Perplexity just dropped its AI-powered browser Comet on the iPhone App Store, and it wants to change how you use the internet on your phone. Forget just scrolling through web pages. This browser reads, summarizes, and even acts on what you browse, all with a built-in assistant that never leaves your side.
What Is Comet and Why Did It Land on iPhone Now
Last summer, Perplexity launched one of the first AI-focused web browsers with Comet on the Mac.1 In March 2026, Comet launched on iOS, completing its cross-platform rollout (desktop in July 2025, Android in November 2025, iOS in March 2026).2
Perplexity originally listed Comet for iPhone in the App Store with a pre-order page. The iPhone version of Perplexity’s AI browser was set to go live on March 11, but the team pushed the launch back one week.1 The app finally went live on March 18, 2026.
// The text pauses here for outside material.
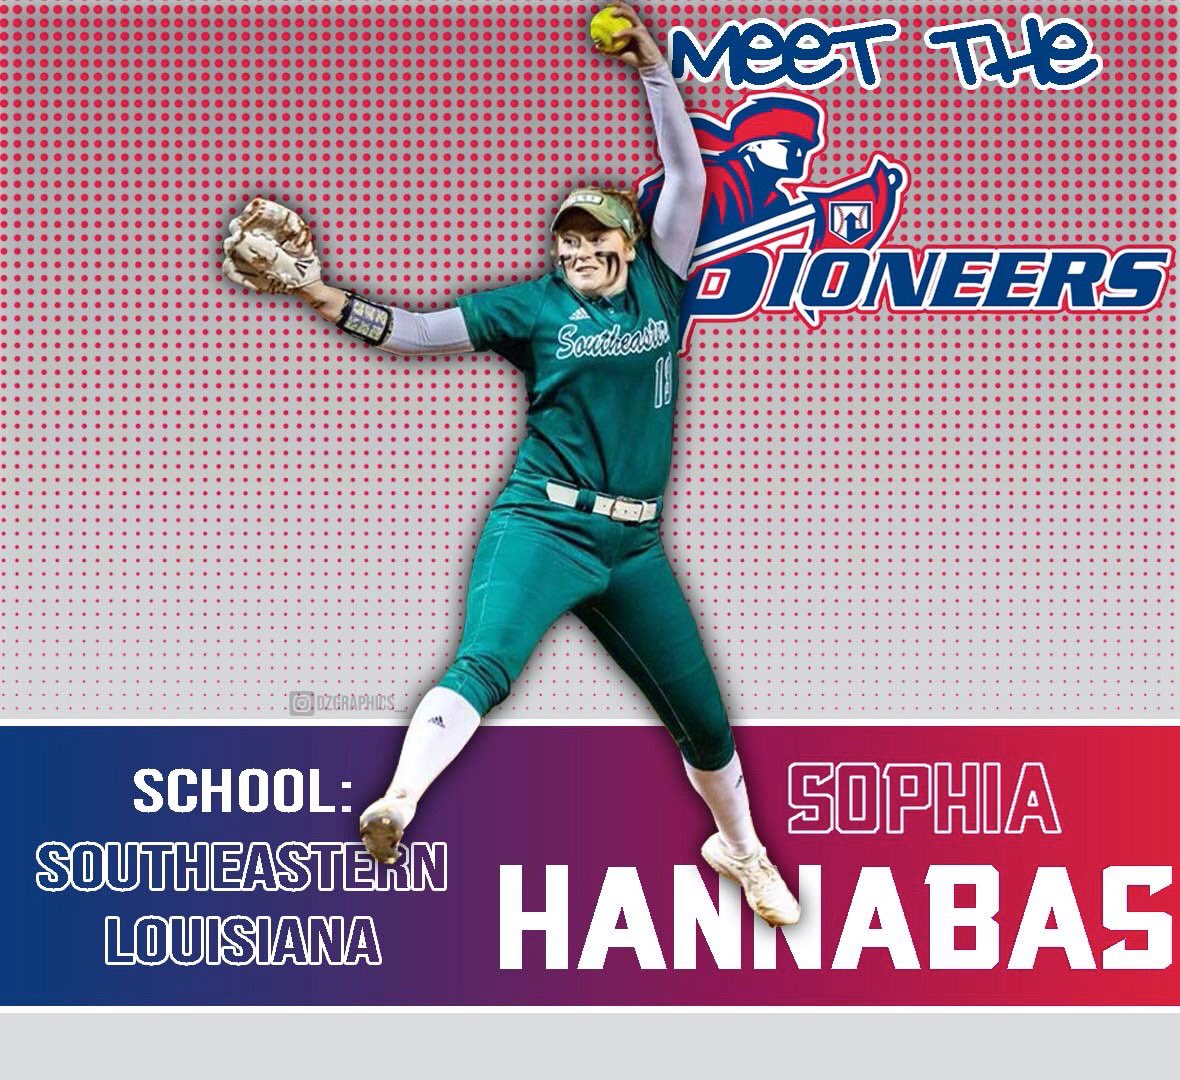 Meet the Pioneers! Today’s @SUAPioneersSB and @FGCLsoftball player spotlight goes to @imthe_rhb Lhp from Southeastern Louisiana

Comet was priced at $200 per month when it first launched last year, but it is available on iOS for free.3 Pro and Max subscription plans are available starting at $20 per month.3 That shift from a premium price tag to free tells you a lot about Perplexity’s strategy. The company clearly wants as many people as possible using Comet daily.
As of early 2026, Perplexity AI reached a valuation of $21.21 billion following its Series E-6 funding round. The company’s Annual Recurring Revenue (ARR) grew from $80 million in late 2024 to an estimated $200 million by February 2026.4 With that kind of momentum, giving Comet away for free is a bet on scale.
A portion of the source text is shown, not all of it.